#### [Task brief]
Pictures are to be left out, and only the lines below starting at the one with "A bag of Be" and ending at the one with "Guardian Hell Tattoo" are to be reproduced, each exactly, both ends included.

#### [Data shown]
□ □ □
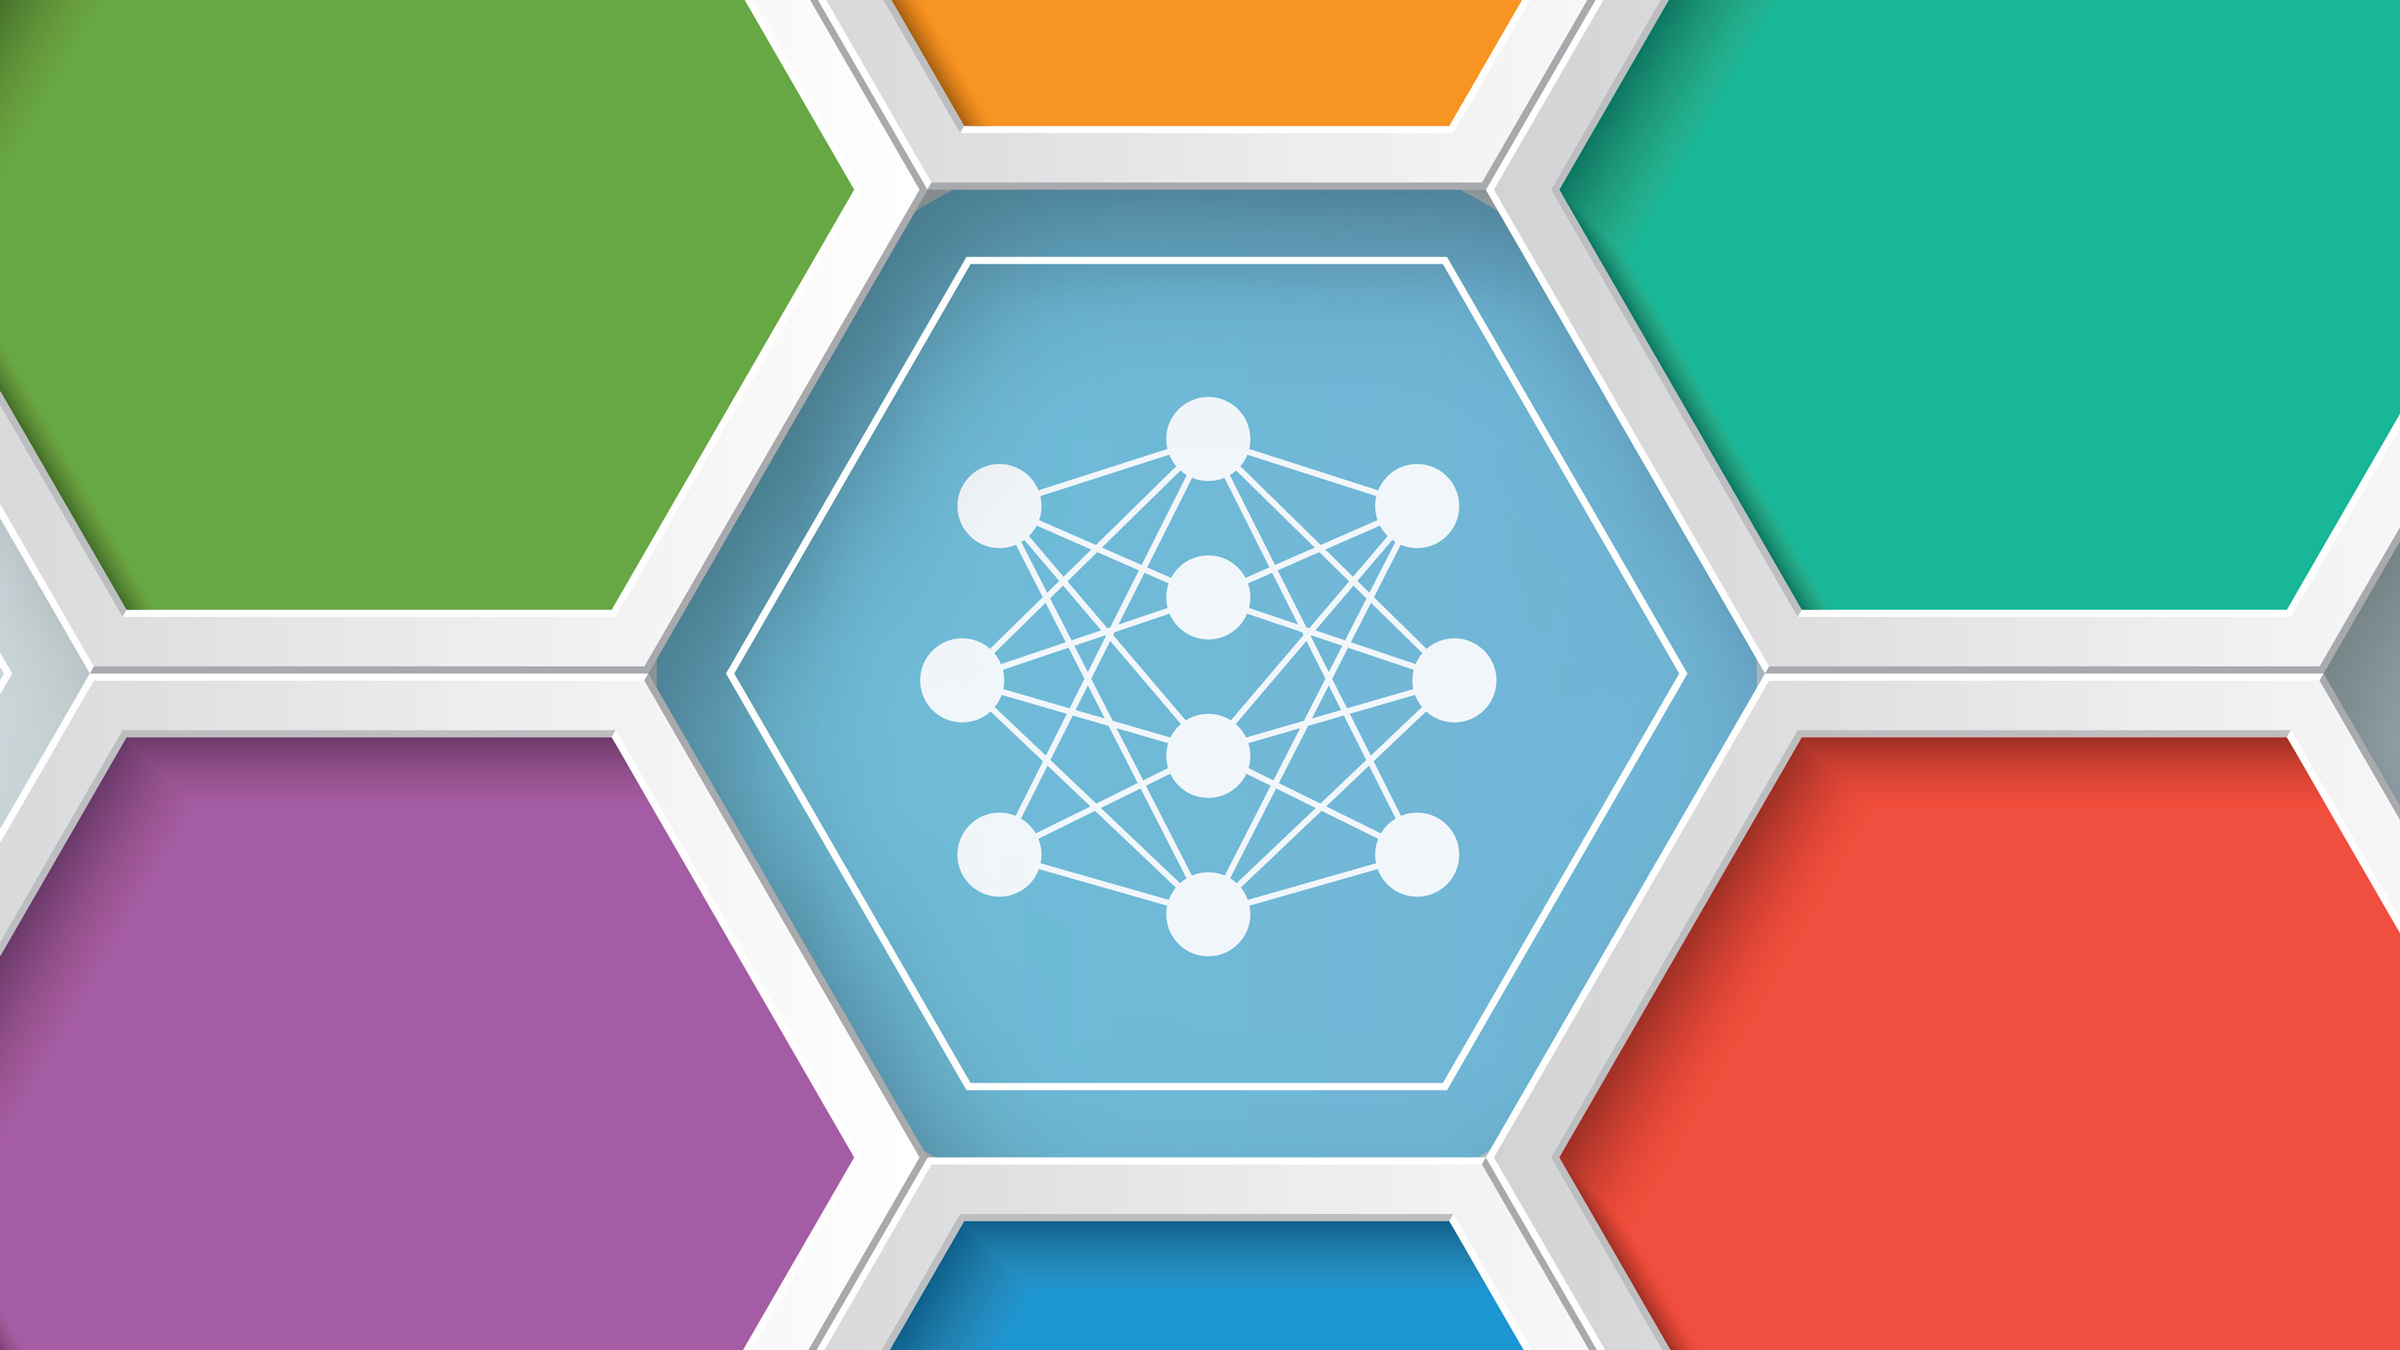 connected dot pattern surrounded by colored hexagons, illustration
□ □ □
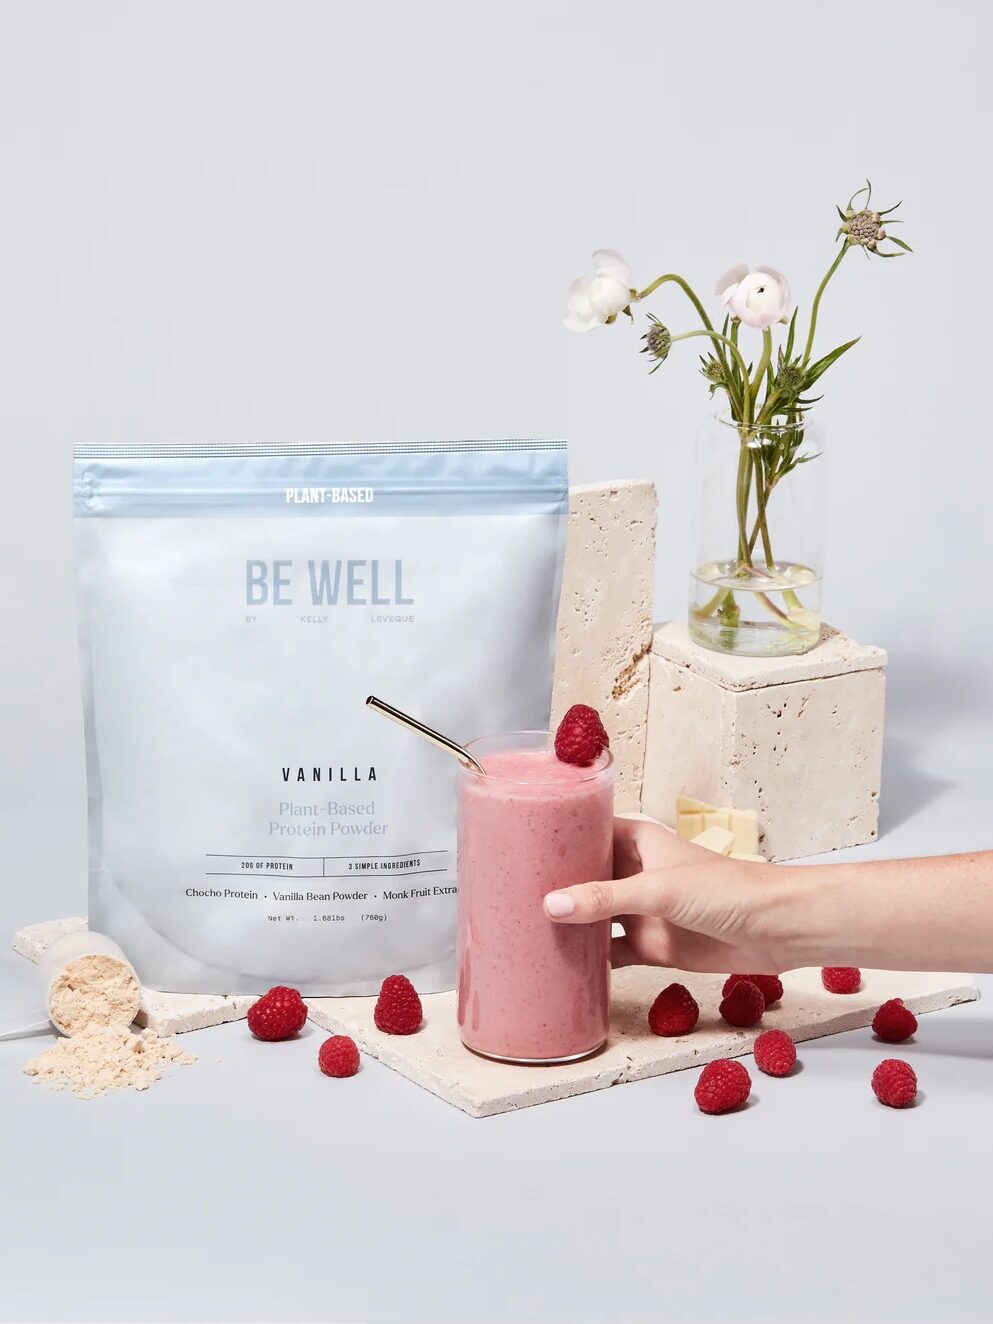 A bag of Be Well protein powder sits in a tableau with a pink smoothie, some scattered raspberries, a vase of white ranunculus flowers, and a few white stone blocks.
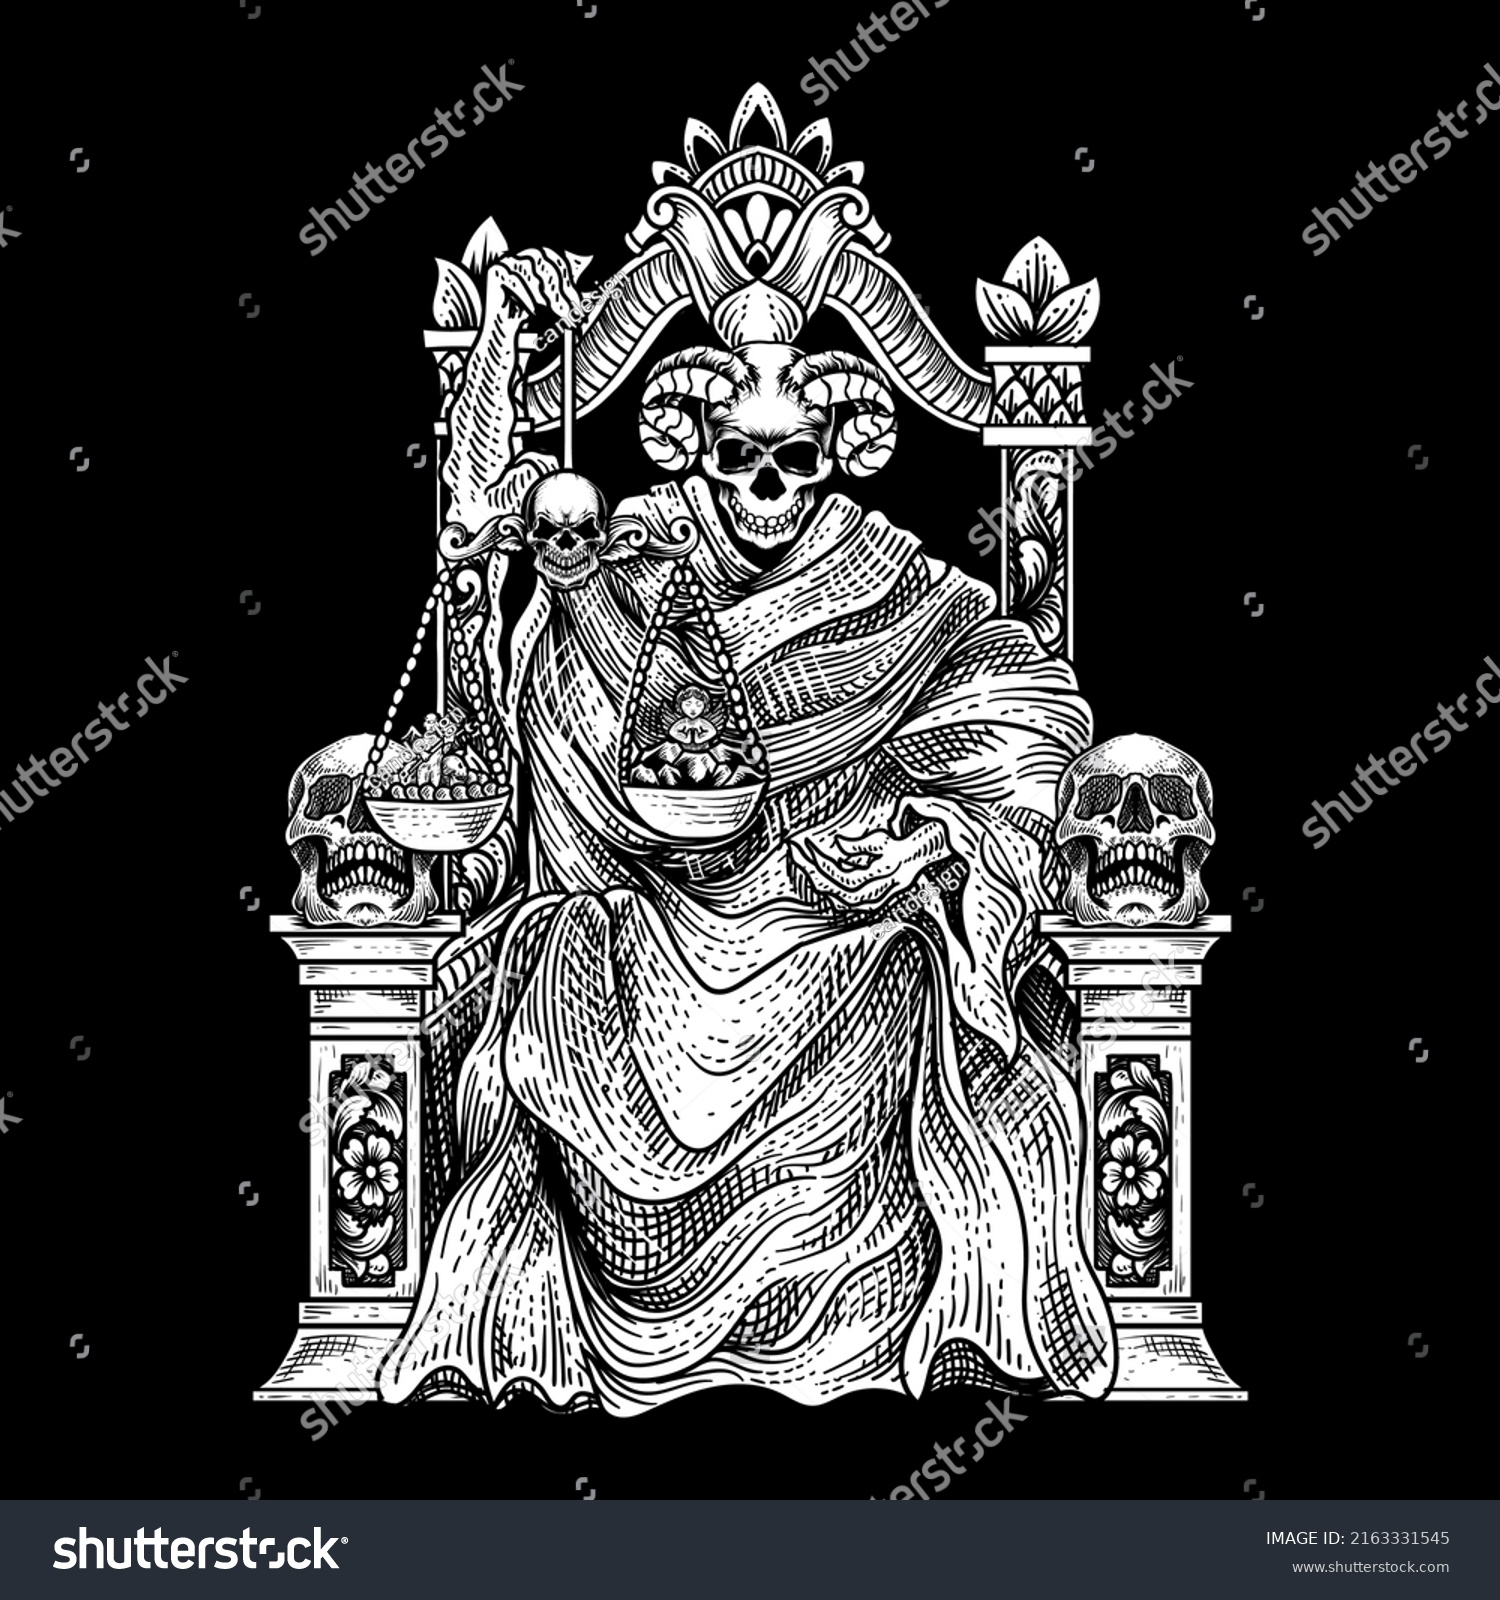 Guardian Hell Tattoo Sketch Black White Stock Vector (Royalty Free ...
□ □ □
#### [Response to the exercise]
 A bag of Be Well protein powder sits in a tableau with a pink smoothie, some scattered raspberries, a vase of white ranunculus flowers, and a few white stone blocks.
 Guardian Hell Tattoo Sketch Black White Stock Vector (Royalty Free ...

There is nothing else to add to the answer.